- Opening Delimiter -

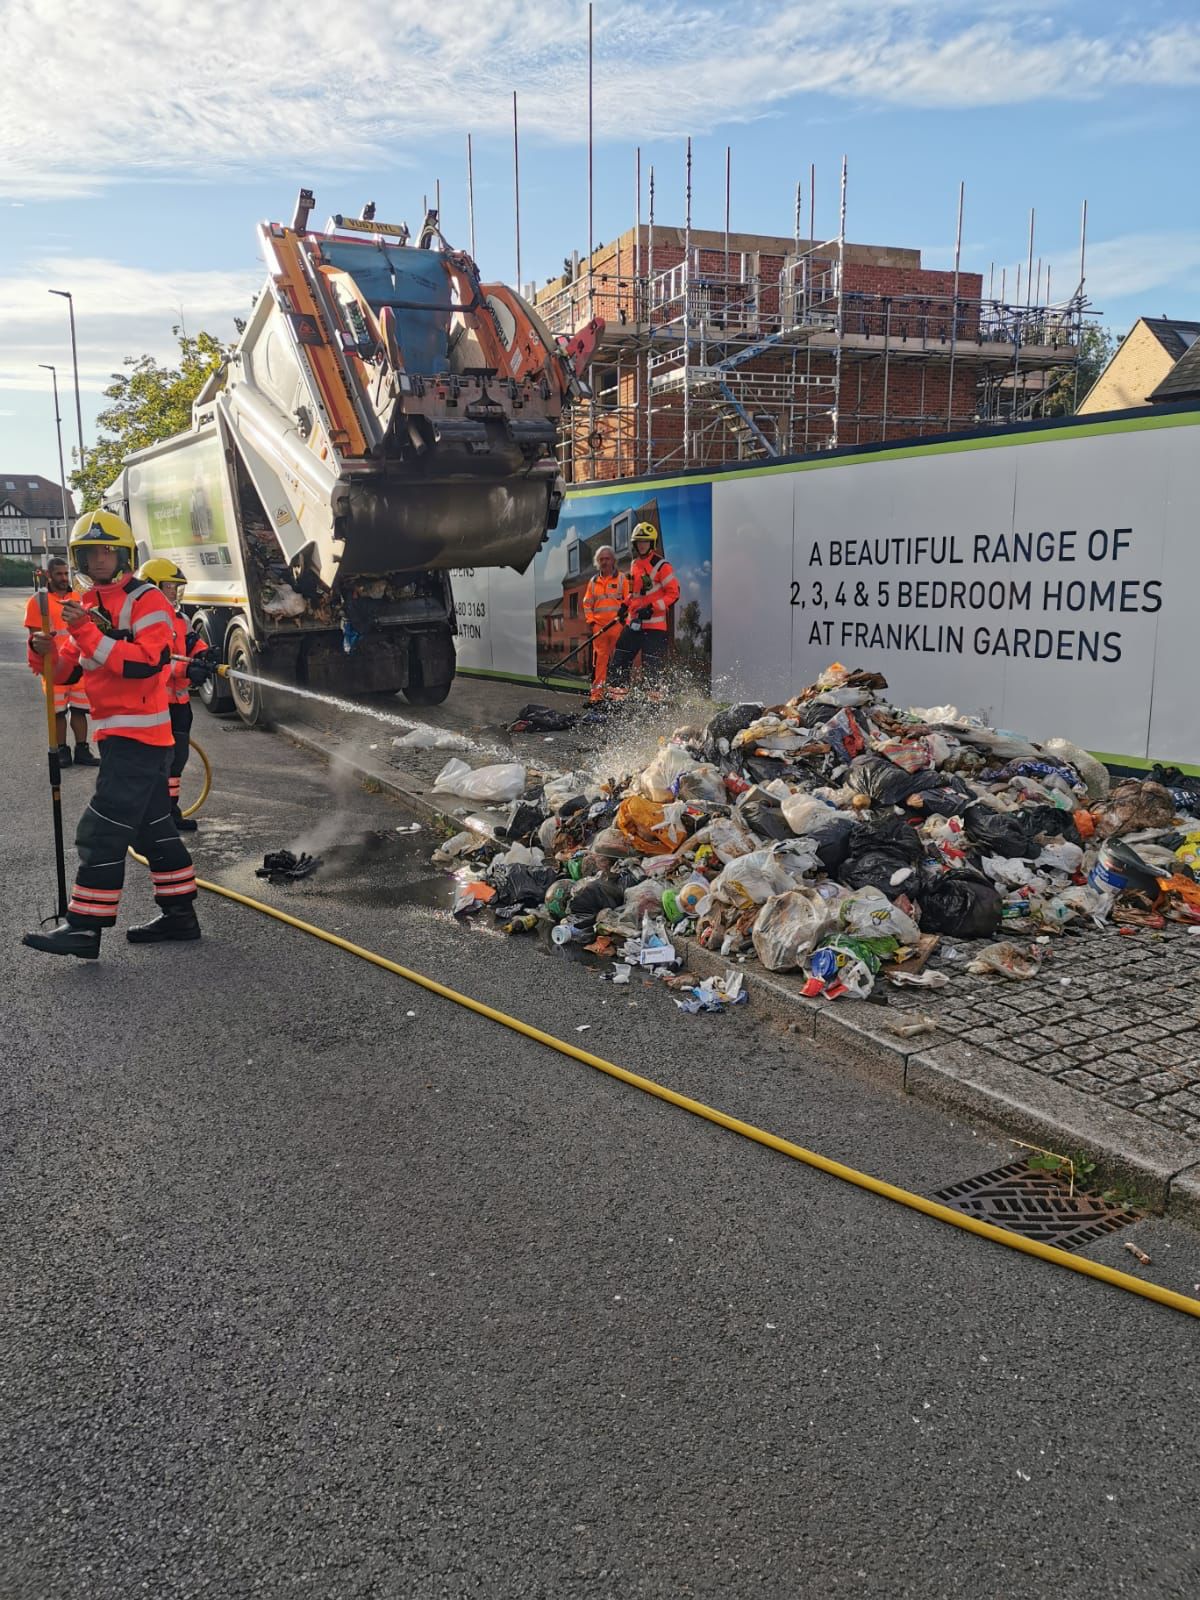 Firefighters putting out a fire involving refuse from a lorry.
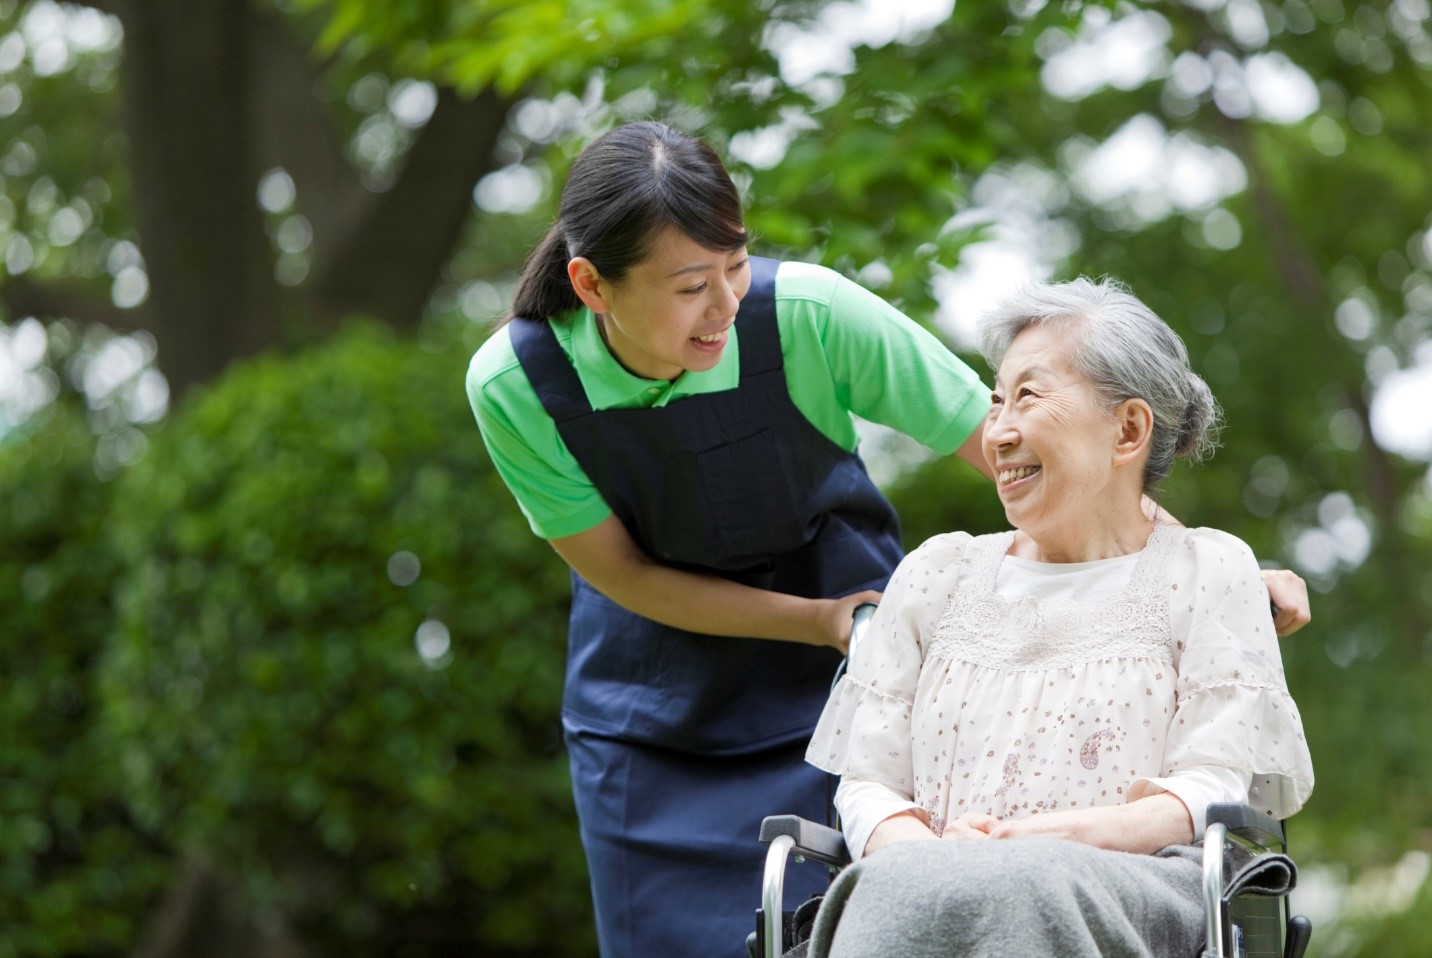 Home care aide serves an elderly person with care and respect in Westwood and Norwood, MA
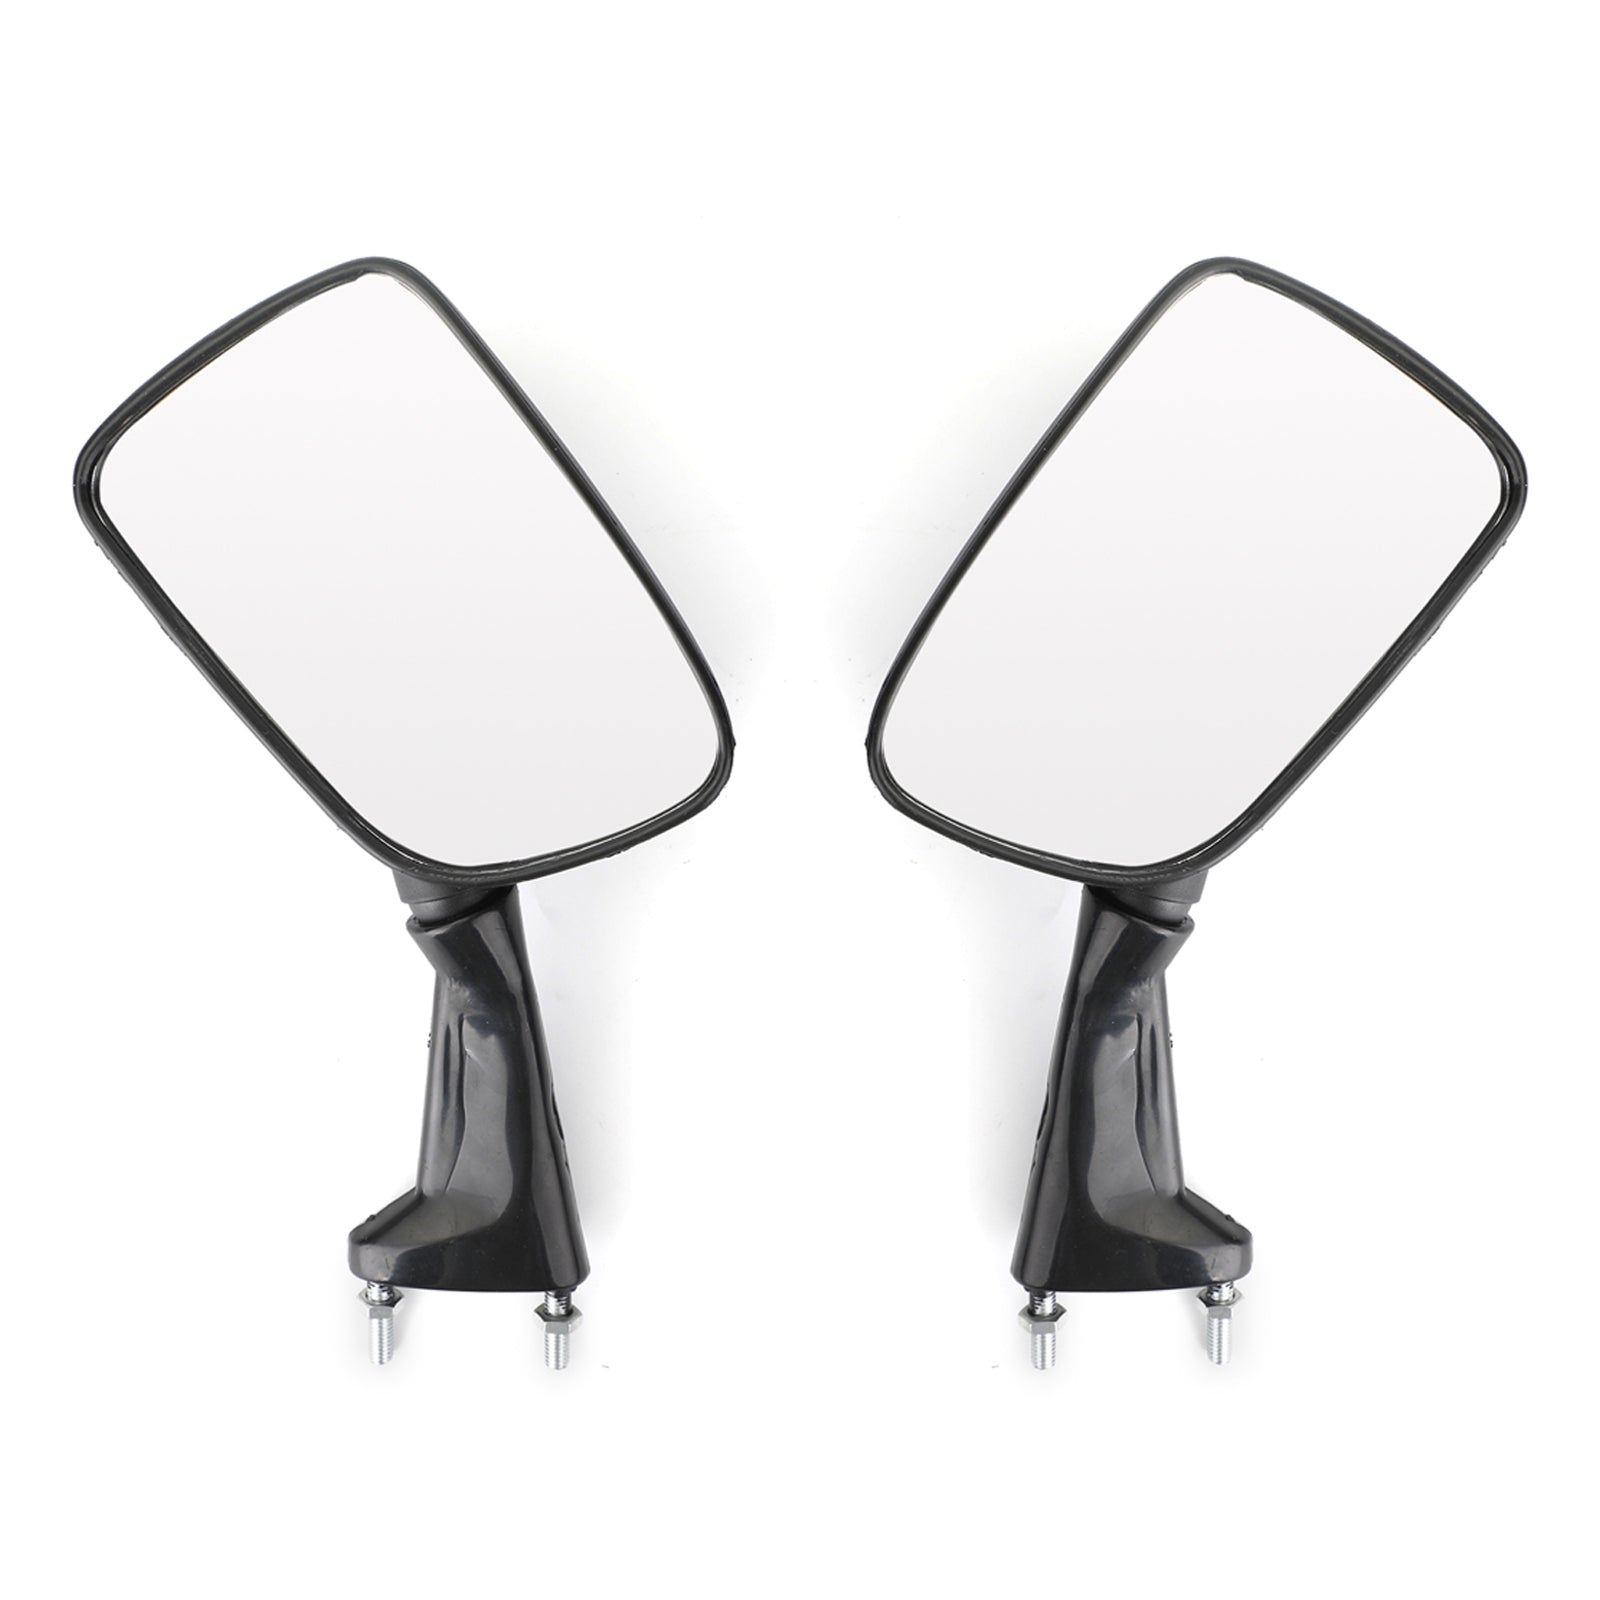 Pair Rearview Mirrors Left & Right Fit for Yamaha TZR 250 TZR250 TZM 150 Generic

- Closing Delimiter -

Task item – Every line above has to be output exactly; the pictures must be dropped.

The answer –
 Firefighters putting out a fire involving refuse from a lorry.
 Home care aide serves an elderly person with care and respect in Westwood and Norwood, MA
 Pair Rearview Mirrors Left & Right Fit for Yamaha TZR 250 TZR250 TZM 150 Generic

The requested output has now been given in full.